The average total time taken by incremental builds in an hour is exactly 6 minutes, but the standard deviation is 10.1, rendering this number unreliable. We can, however, divide the respondents in three quite well defined groups:
- Less than 1 minute an hour. 34% of respondents basically don’t spend any time on the incremental build process.
- 1 to 5 minutes an hour. 34% of respondents spend a “reasonable” amount of time on incremental builds – under 5 minutes an hour. This group spends an average of 3 minutes an hour on incremental builds, which corresponds to about 5% of total development time.
- Over 5 minutes an hour. 32% of respondents spend over 5 minutes an hour on incremental builds. The weighted average in this group is over 13 minutes an hour. This group of developers is spending about 22% of their development time on incremental builds.
Chart 5: “Time spent on incremental builds, per hour, by build tool”
It is clear from this chart that Ant and Maven take significantly more time than IDE builds. Both take about 8 minutes an hour, which corresponds to 13% of total development time. There seems to be little difference between the two, perhaps because the projects where you have to use Ant or Maven for incremental builds are large and complex.
Eclipse is definitely the fastest with 2.9 minutes an hour, which corresponds to about 5% of total development time. Eclipse is the only IDE supporting true incremental build on save using a fast embedded compiler, so these results are expected. It is likely that the true number is even lower, as some of the respondents use Eclipse to launch the Ant or Maven builds (we’ll return to this with the next chart).
IntelliJ IDEA falls in between with 5.7 minutes an hour and about 10% of total development time. It does not have true background compilation and often the IDE builds just launch Ant or Maven behind the scenes.
Chart 6: “Incremental build length breakdown per build tool”
This final chart shows the proportion of respondents in one of the three groups we defined with Chart 4 broken down per build tool.

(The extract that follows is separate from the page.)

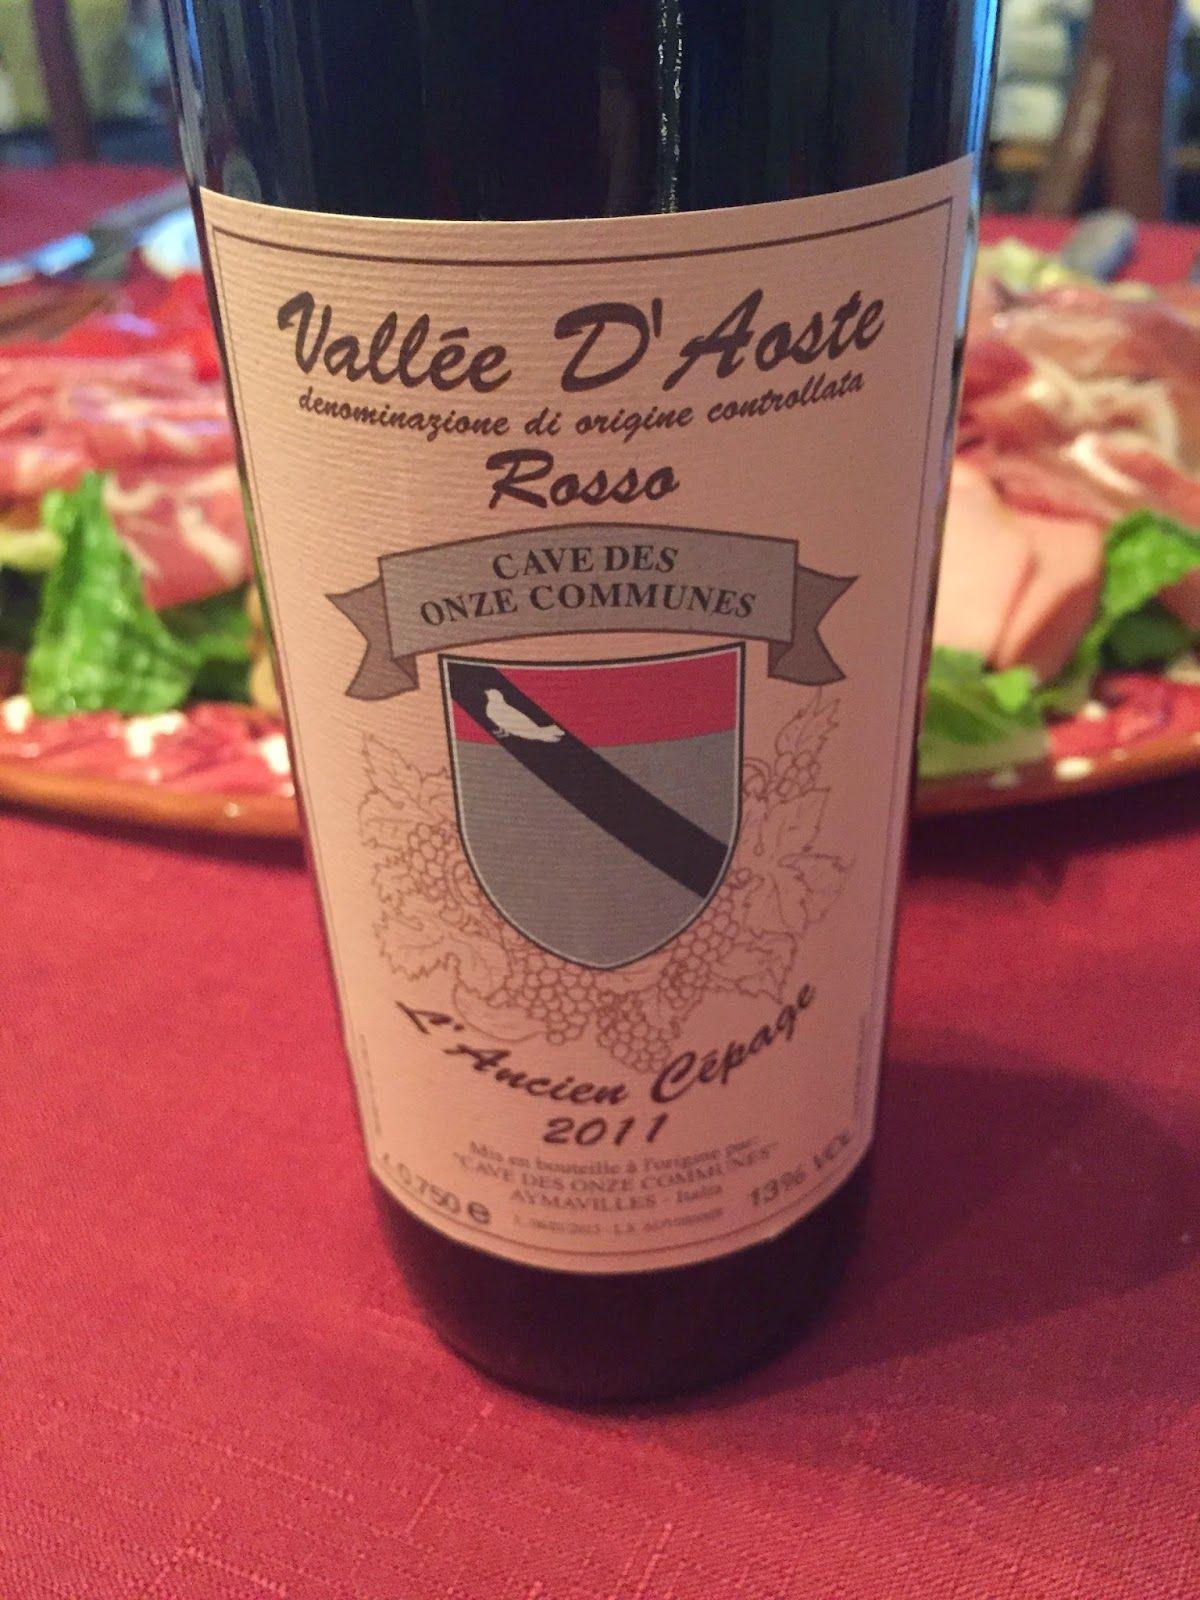 Unique Grapes Of Italy S Alpine Valle D Aosta Region Italian Wine Italian Culture Aosta

Finally some things become clear. About 61% of Eclipse builds happen instantly (taking less than 1 minute per hour). We can assume that those are the respondents using compile-on-save, whereas the rest use Eclipse to launch Ant or Maven builds. Considering that 32% of respondents are using Eclipse (see Chart 1), this means that about 20% of all of the respondents use Eclipse with compile-on-save and thus benefit from the instant incremental builds.
The breakdowns of Ant and Maven times are quite similar, with Maven being slightly slower. Moreover the breakdown for IntelliJ IDEA is also similar, supporting the hypotheses that IntelliJ IDEA builds launch Ant or Maven in the background. The proportion itself likely corresponds to the size and complexity of projects, with smaller ones building quickly and larger ones taking build time of over 5 minutes and hour.
It is hard to draw any simple conclusions from this survey, as different groups have different problems, so instead let’s put together the most interesting and reliable numbers we got:
- 56% of respondents have builds that last over half a minute, each.
- 20% of respondents use Eclipse with compile-on-save and thus benefit from the instant incremental builds.
- 34% of respondents spend an average of 3 minutes an hour on incremental builds, which corresponds to about 5% of total development time, or 1.5 weeks per year (40-hour weeks).
- 32% of respondents spend more than 5 minutes per hour on incremental builds. Of the developers spending more than 5 mins per hour, 13 minutes per hour is the average amount of time spent. 13 mins per hour equals 22% of total development time, or 6.5 weeks per year (40 hour workweeks).
- Weeks spent on incremental builds are calculated by assuming 48 work weeks per year (minus vacation) and an average of 5 hours of development time per day.
- Java developers spend 1.5 to 6.5 work weeks a year (with an average of 3.8 work weeks, or 152 hours, annually) waiting for builds, unless they are using Eclipse with compile-on-save.